Nestled along a creek in the woods of southwestern Pennsylvania is a house that’s angular features are cantilevered 40 feet above a waterfall. This was the summer home of the Kaufmann family, owners of a Pittsburgh department store. (I remember that department store well because I spent days next to it in a neighboring newsstand reading issues of MAD magazine and Cracked.)

When I was a kid, my dad took us to visit the place, and I became one of millions of visitors to Fallingwater, a home that on its inception was hailed by TIME magazine and became known as the quintessential example of the organic architecture of architect Frank Lloyd Wright.

Falling Water
Fallingwater (wikipedia). This photo taken from WikiCommons

Why is Fallingwater, a summer home for a Pittsburgh family, so obviously beautiful that hundreds of thousands make the trek (50 miles from the nearest city) each year, that it was voted “best all-time work of American architecture” in 1991 by the American Institute of Architects, that pictures of it are as instantly recognizable as any natural wonder?

Maybe it’d be enlightening to consider how Frank Lloyd Wright built it. Before he started, he commissioned a survey to of the entire topography around the waterfall and had them include all trees and boulders. He then came up with an idea of a cantilevered house that would stretch in a manner that would look like it floated in air above the waterfall.

But more important, perhaps are details such as these:

From details like that to the whole view taken in at once, one gets a feeling that, in spite of the sharp horizontal and vertical lines of the building, the whole lives in harmony with its environment “instead of lording above [it] in an isolated spot as a man-made imposition.”

Frank Lloyd Wright designed on the principles of: “organic, democratic, plasticity, continuity.” We can see how this example holds true to those values.

Could this building have been built anywhere else?

Why is Funky Caching trick so prevalent in the PHP world?

If you look at Funky Caching, it doesn’t need PHP to implement it. This begs the question as to why it first appeared in the PHP world? Why is this obscure design pattern so ubiquitous in the PHP world? In fact, you, as a PHP developer, use it every day when you visit the PHP.net website the instant you type http://www.php.net/strstr to figure out the order of the needle in the haystack.

A cynic would say because PHP is so slow to execute it needs solutions like this to perform well. The problem with this argument is that no single web language outperforms the fastest static servers out there, or even come close to the slow ones. There is no web language that wouldn’t benefit from this trick.

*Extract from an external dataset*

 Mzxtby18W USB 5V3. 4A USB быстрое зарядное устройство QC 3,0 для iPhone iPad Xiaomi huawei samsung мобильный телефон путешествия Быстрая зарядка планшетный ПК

But there is truth to the cynic’s statement. The PHP world may have discovered this first because it trades off speed of execution with speed and ease of development. As Andrei mentioned earlier, that is fundamental to its design. In fact, all dynamically typed scripting languages make this tradeoff.

The ubiquity of this trick in the PHP world is because it—like Frank Lloyd Wright’s Fallingwater—lives in harmony with its environment. The environment is an Apache web server, persistent data store in the form of a relational database, and the demands of large-scale consumer-facing web. Would this solution exist without an Error Document handler built into Apache? Would this solution exist if we didn’t persist content on a (relatively) slow data store like a database? Would this solution exist if the consumer didn’t demand millisecond response time for dynamic content?

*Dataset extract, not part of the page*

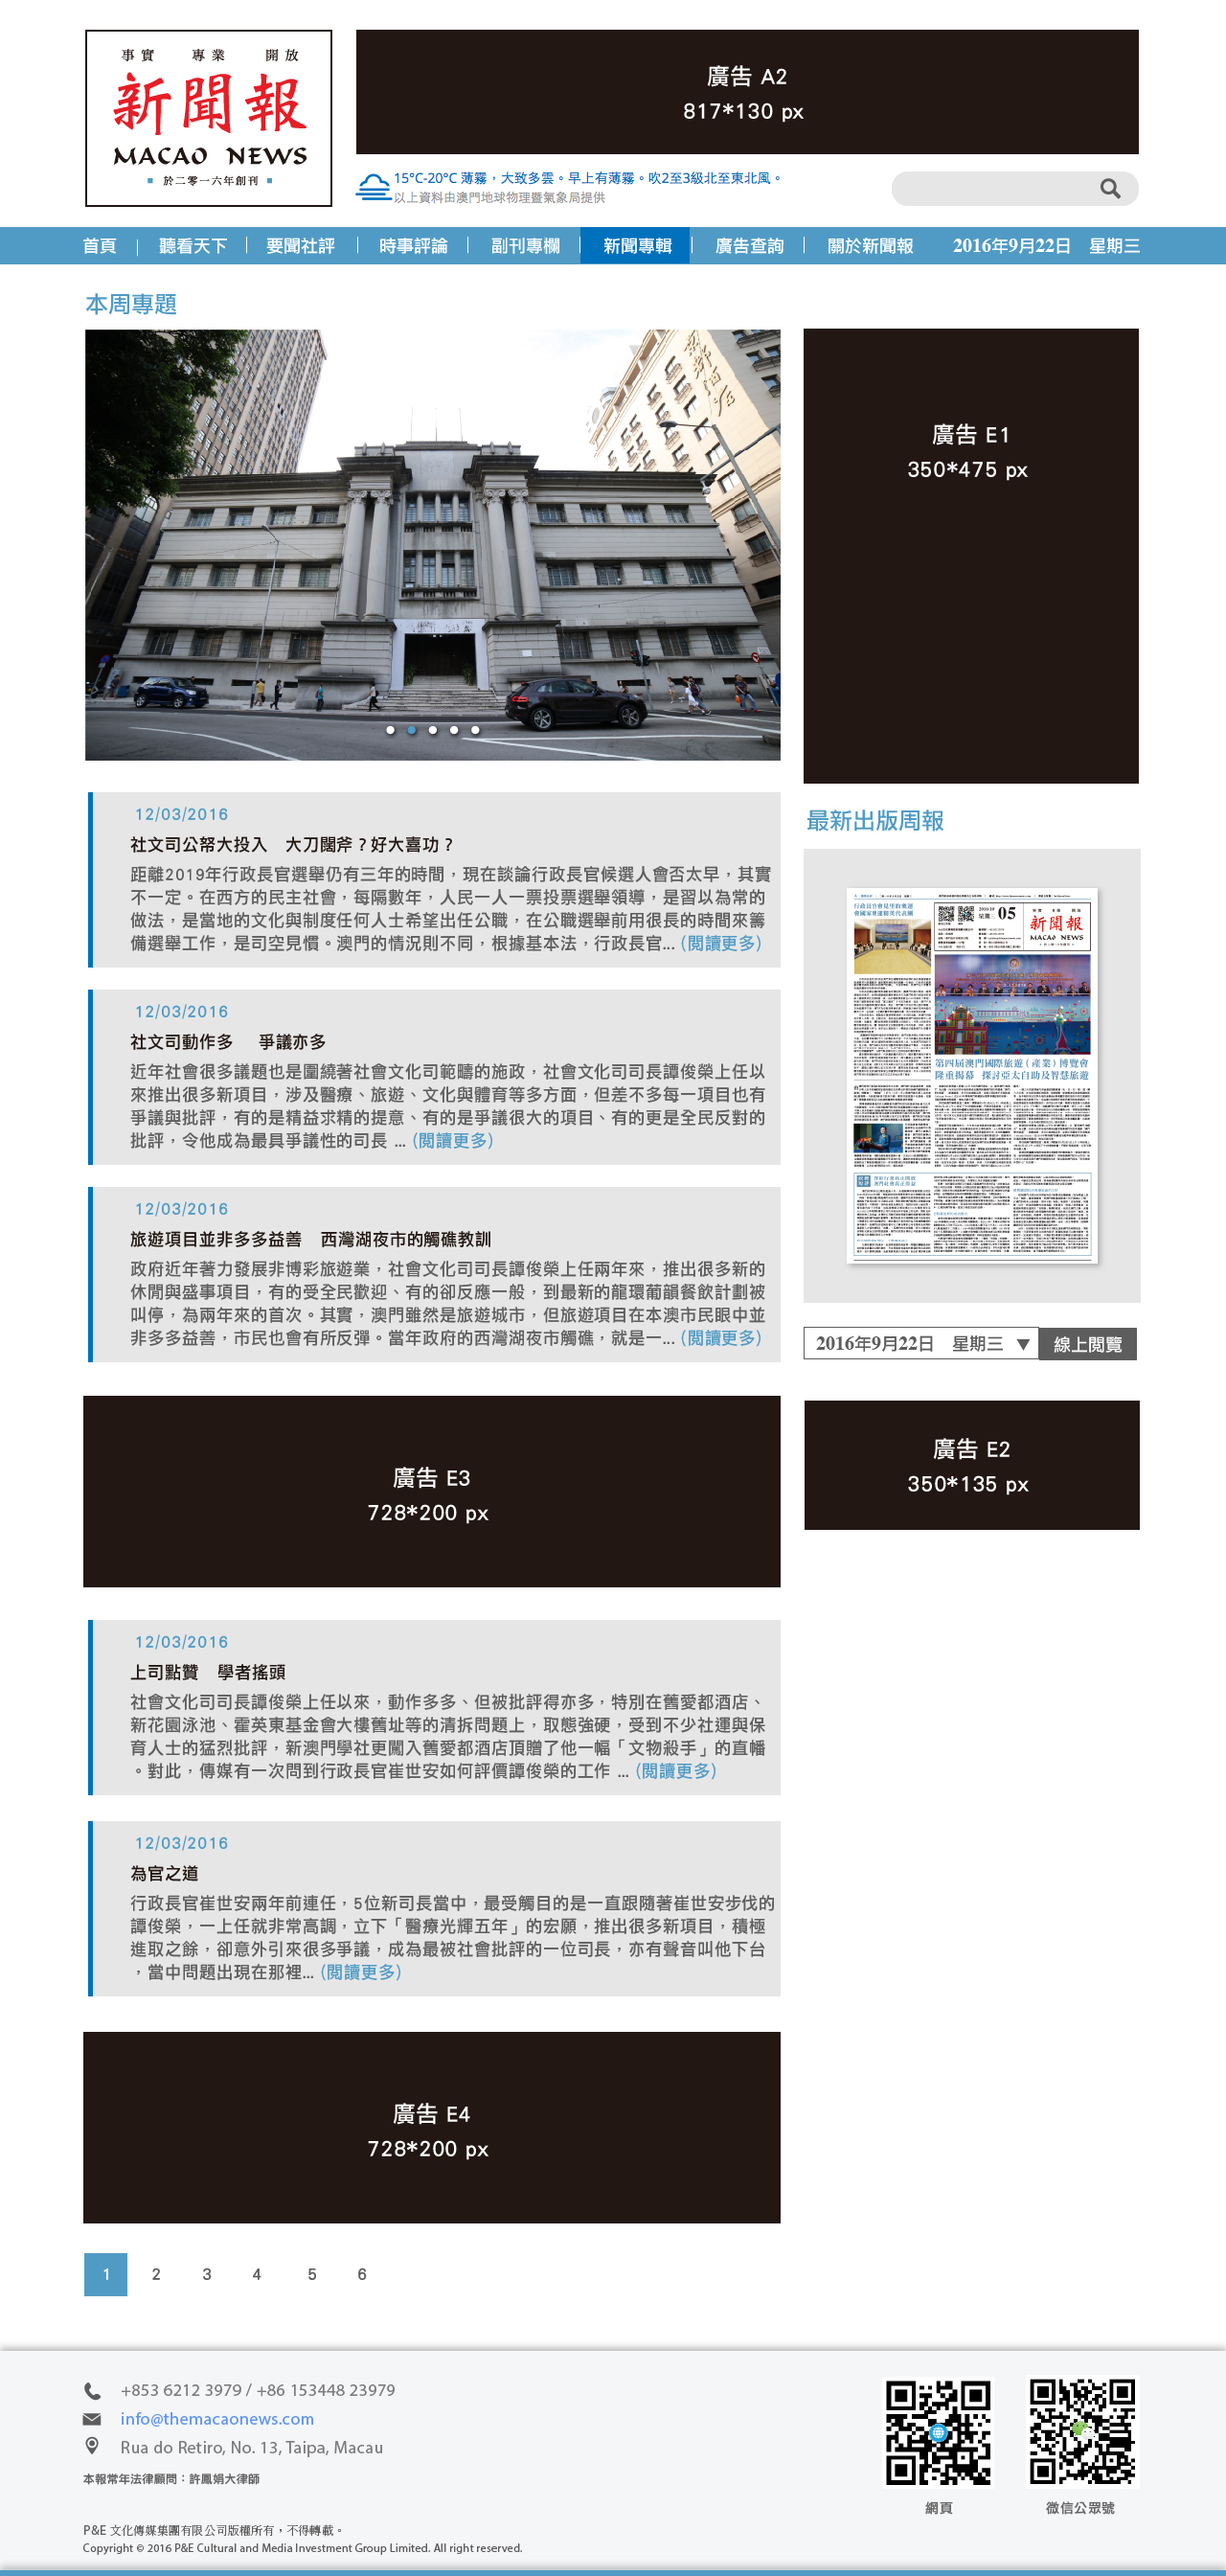 macao-news-website-ad-03

Funky Caching in the PHP world lives in harmony with that environment. It lives in harmony with PHP itself.

The architectural principles of PHP itself

PHP is a language that is designed to solve the “web problem.”

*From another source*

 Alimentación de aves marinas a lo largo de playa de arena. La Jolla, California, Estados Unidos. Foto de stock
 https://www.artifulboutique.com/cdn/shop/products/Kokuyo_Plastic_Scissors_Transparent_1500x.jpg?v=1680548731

PHP is built on as a component of the web architecture as Maggie mentioned earlier. Without Apache serving it, without a database backing it, without the demands of the web behind it, without thousands of hosting sites installing it, without hundreds of open-source packages written in it, it would be useless.

The language itself, like Fallingwater, is customized for the problem at hand and compliments the environment in which it lives. Just like Wright’s design lived true to his principles, so does PHP and its solutions live true to its principles: “cheap, scalable, pragmatic.”

Never Forget
Slide from my talk on “PHP Design Patterns by Example.”

When using PHP, Let us not forget PHP’s three principles that attract us to the language in the first place:

  1. Cheap (cheap on developer time and resources): “A project done in Java will cost 5 times as much, take twice as long, and be harder to maintain than a project done in a scripting language such as PHP or Perl.” —Phillip Greenspun
  2. Scalable (shared-nothing architecture): “That a Java servlet performs better than a PHP script, under optimal conditions [has] nothing to do with scalability. The point is can your application continue to deliver consistent performance as volume increases…PHP delegates all the “hard stuff” to other systems.” —Harry Fuecks
  3. Pragmatic (designed to solve the web problem): “PHP is not about purity in CS principles or architecture, it is about solving the ugly web problem with an admittedly ugly, but extremely functional and convenient solution. If you are looking for purity you are in the wrong boat. Get out now before you get hit by a wet cat!” —Rasmus Lerdorf

Could this “ugly, but extremely functional and convenient” web language been built to solve anything other than the “ugly web problem”?

Bellefield Tower

One block from where my mother used to work, on the corner of Fifth Avenue and Bellefield in Pittsburgh, stands a strange sight. A very modern building wraps around in a Jobsian-loving rounded rectangle, narrowly avoiding a gothic Romanesque tower a century its senior. An uglier and more out-of-place architectural juxtaposition I have never yet seen.

Bellefield Towers
Bellefield Towers now houses the Western Psychiatric Institute.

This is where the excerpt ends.